Nearly half the show was unwatchable. Literally unwatchable, as in, you couldn't look at it. For some catastrophic reason, Blur decided that simply illuminating the band wouldn't cut it. Instead, nearly all the wattage for this show came from the stage, much of it from eight rectangular high beams, parked behind the musicians and pointed at the audience, flickering and changing color to eye-withering effect. Occasionally, a set of Technicolor kliegs were thrown in, sweeping the crowd in slow and menacing circles, like search lights at a disco prison. Imagine being interrogated at the Vegas Flamingo, only louder and without the possibility of blackjack.
Most fans did their best to ignore the visuals, while others squinted or closed their eyes or looked at the side walls. The lights flickered faster and brighter whenever the band sprang into an upbeat number, like the stadium classic "Song 2" -- known better as "the woo hoo song" -- or "We've Got a File on You," a Ramones-like track from Blur's latest album, "Think Tank." The effect was perverse: Visually the show hurt most when the band rocked hardest, so you couldn't help hoping the group would keep things dull.
And for long stretches, they did. Beneath the fatally distracting surface were a dozen-plus old favorites and a handful of new cuts, a 100-minute set that pleased the faithful but won't win over newcomers. For years, Blur has been panning for album gold in the United States, though with less success than Oasis, their main rivals in England. Oasis flourished here for a while, but aside from "Song 2" Blur never had a high radio profile.
"Think Tank" hasn't helped. The album dabbles in the world beats that have fascinated Albarn in recent years, and for this show, the group was augmented with an extra percussionist, three backup singers and guitarist Simon Tong, who was brought along to replace Graham Coxon, who has quit the group.
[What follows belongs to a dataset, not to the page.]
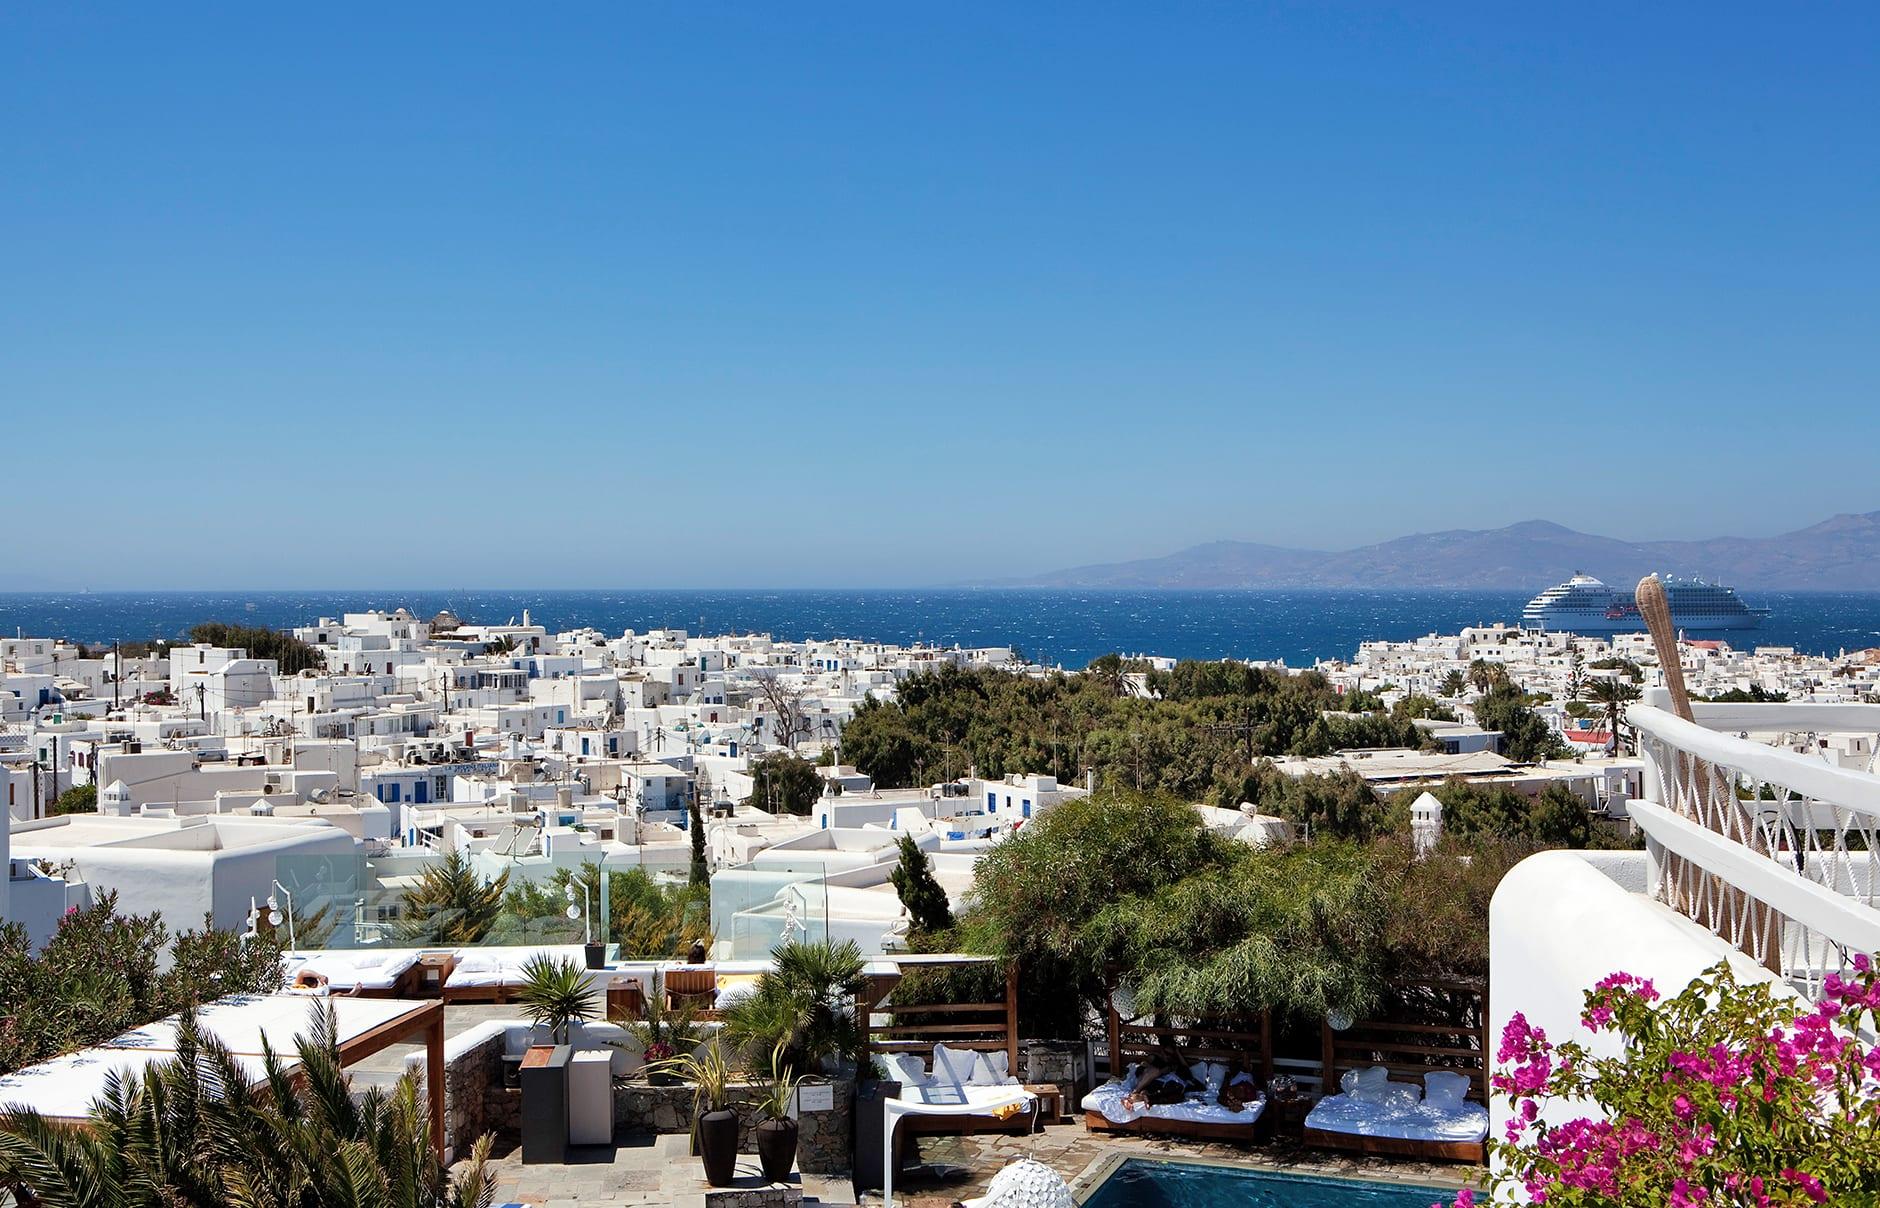 Belvedere Mykonos, Greece. © Belvedere Mykonos

The new stuff, such as "Ambulance," which opened the show, and "Battery in Your Leg" and "Caravan," relies more on soul than momentum, but these songs plod self-indulgently. Albarn has a voice that can do just about anything -- soul, disco, Johnny Rotten punk -- and never lose its adolescent sense of wonder or its velvety finish. But his attempts to reinvent Blur flounder whenever he forgets that he's not as interesting as his music, or as interesting as the band once it wraps both hands around a beat. It did just that on "Moroccan Peoples Revolutionary Bowls Club," one of the most overtly African-sounding tracks on "Think."
It'd be easier to forgive Albarn's occasional streak of narcissism if he expended more effort wooing fans. The guy's idea of a transition on Friday night was to mumble incomprehensibly to his band mates, then announce to the crowd, "I just wanted to pause between that song and this one." To Albarn's everlasting credit, he plunged headfirst into the audience toward the end of the set, a dive that was all the more impressive because it seemed utterly spontaneous, as though even he wasn't told about it in advance.
Blinded as they were, the audience never saw it coming.